Does it affect speed? Here’s the timing with 4K blocks:
root@nuc2:~# zfs create -b 4k -o compression=lz4 -V 16384M zfs/vm/71d6d53b-4240-457b-b4c7-f8316222c701.ext.disk0 root@nuc2:~# time qemu-img convert -S 4096 -f raw -O raw /zfs/vm/docker0-old/d624ef03-df8a-40f1-a55e-e13a7356df7d.file.disk0 /dev/zvol/zfs/vm/71d6d53b-4240-457b-b4c7-f8316222c701.ext.disk0 real 5m52.217s user 0m4.920s sys 0m40.892s
And with 128K blocks:
root@nuc2:~# zfs create -b 128k -o compression=lz4 -V 16384M zfs/vm/71d6d53b-4240-457b-b4c7-f8316222c701.ext.disk0 root@nuc2:~# time qemu-img convert -S 4096 -f raw -O raw /zfs/vm/docker0-old/d624ef03-df8a-40f1-a55e-e13a7356df7d.file.disk0 /dev/zvol/zfs/vm/71d6d53b-4240-457b-b4c7-f8316222c701.ext.disk0 real 3m20.018s user 0m5.124s sys 0m40.748s
It seems that large block sizes are much faster when doing large sequential writes like this. The amount of CPU time is more or less the same, but the wall-clock time is faster. This may be because the underlying device is SSD which naturally uses 128KB flash erase pages.

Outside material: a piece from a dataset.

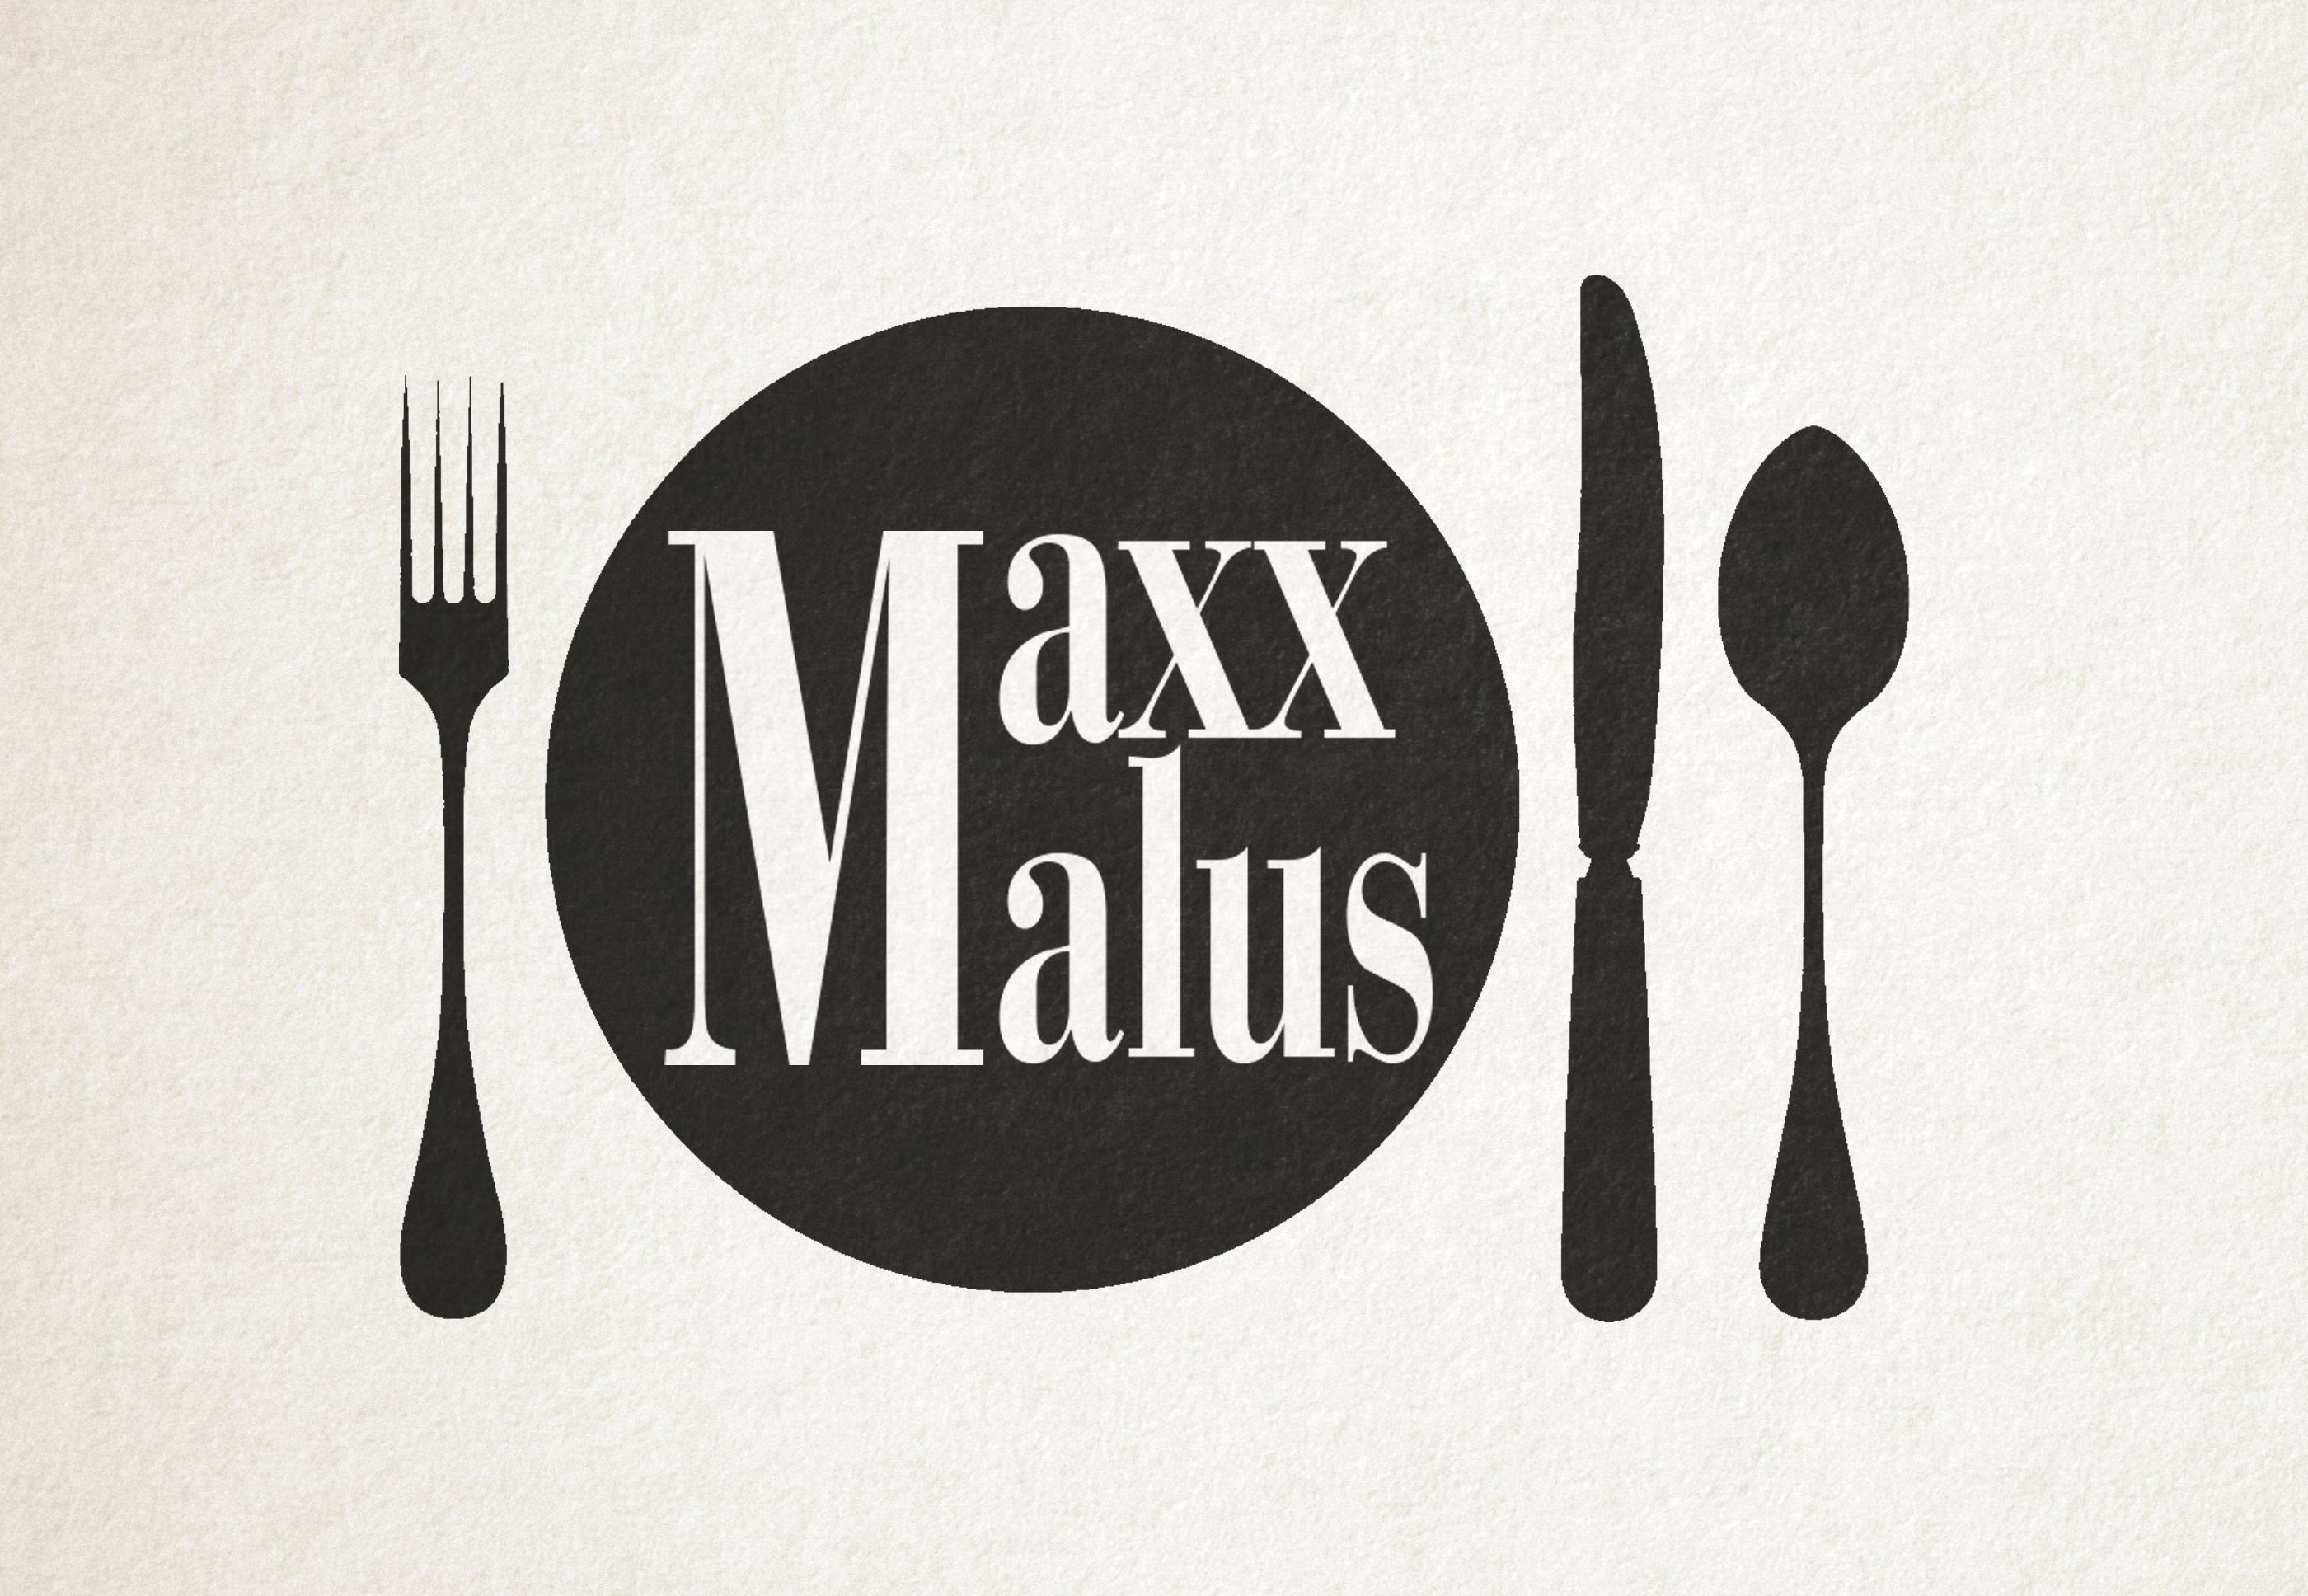 Логотип для нового бренда повседневной посуды фото f_8885b9f99a37c5e1.jpg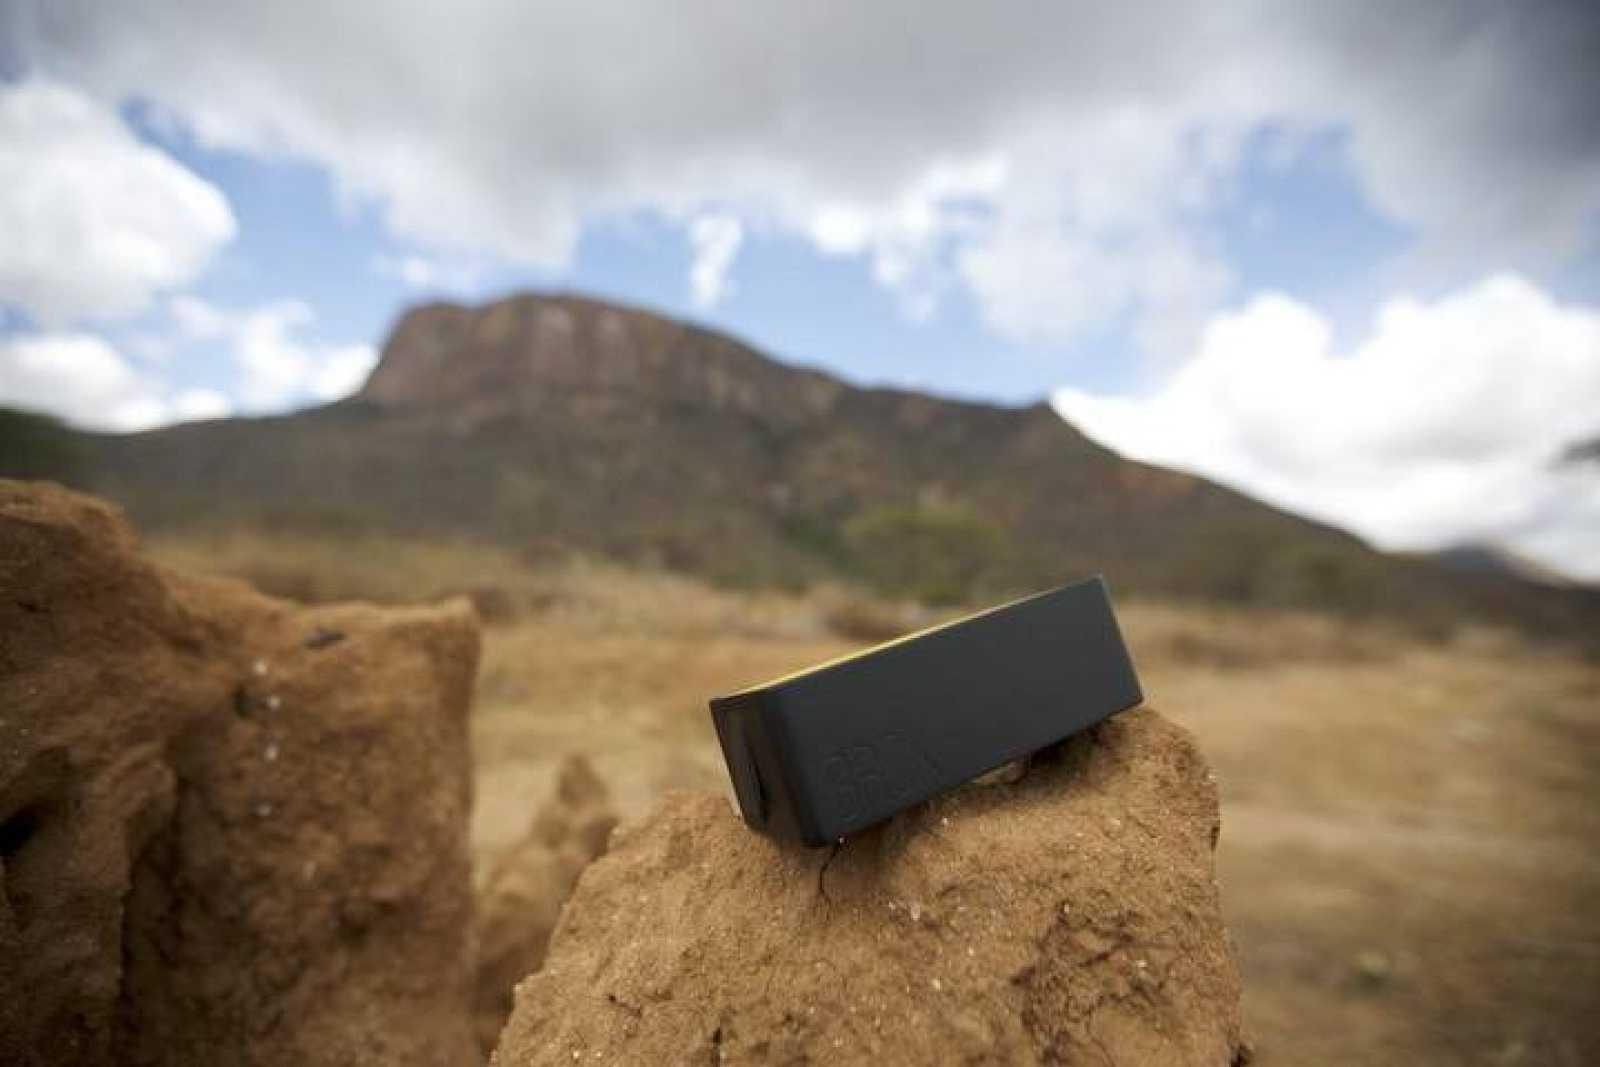 Brck, el dispositivo que lleva Internet a lugares con problemas de conexión.

(Aside: the hardware is an Intel NUC DN2820 with 8GB DDR3L RAM and a Crucial M550 120GB SSD)
I think there are at least two things at play here.
Firstly, the smaller block size means proportionately higher ZFS overhead, such as checksum blocks and indirect block pointers. Notice how the “USED” (i.e. allocated+reserved) value was 17.0G on the zvol with 4K blocks, but 16.0G with 128K blocks.
Secondly, I think that compression works more efficiently when given larger blocks to compress.
I don’t know for sure that these are the actual mechanisms at play - they are just my best guesses.
But empirically, space efficiency is strongly influenced by the block size. Choosing a small block size can result in significantly larger disk space usage.
What should you choose?
Firstly, if you are benchmarking ZFS datasets versus zvols, you need to use identical block sizes. Under those conditions you might find that they both perform more or less the same, or you might not.
If you are used to using VM images on ZFS datasets with a 128K recordsize, and the performance is sufficient for your needs, you may as well use zvols with a 128K volblocksize. This will maximise your disk compression.
The extra I/O overhead of a large block size might not matter too much if you have enough RAM in your system, so that the “hot” areas remain in your ARC (cache).
Otherwise, you may want to tune the block size for your workload, and this is true whether you are using a zfs filesystem or a zvol. Note that:
- The volblocksize for a zvol can only be set at volume creation time, so you’ll have to copy it to a new zvol to change the blocksize.
- The recordsize for a filesystem dataset can be changed, but doesn’t affect existing files - so you either need to rewrite those files, or copy to a dataset, to get the full effect.
Finally, there are some relevant performance issues here and here.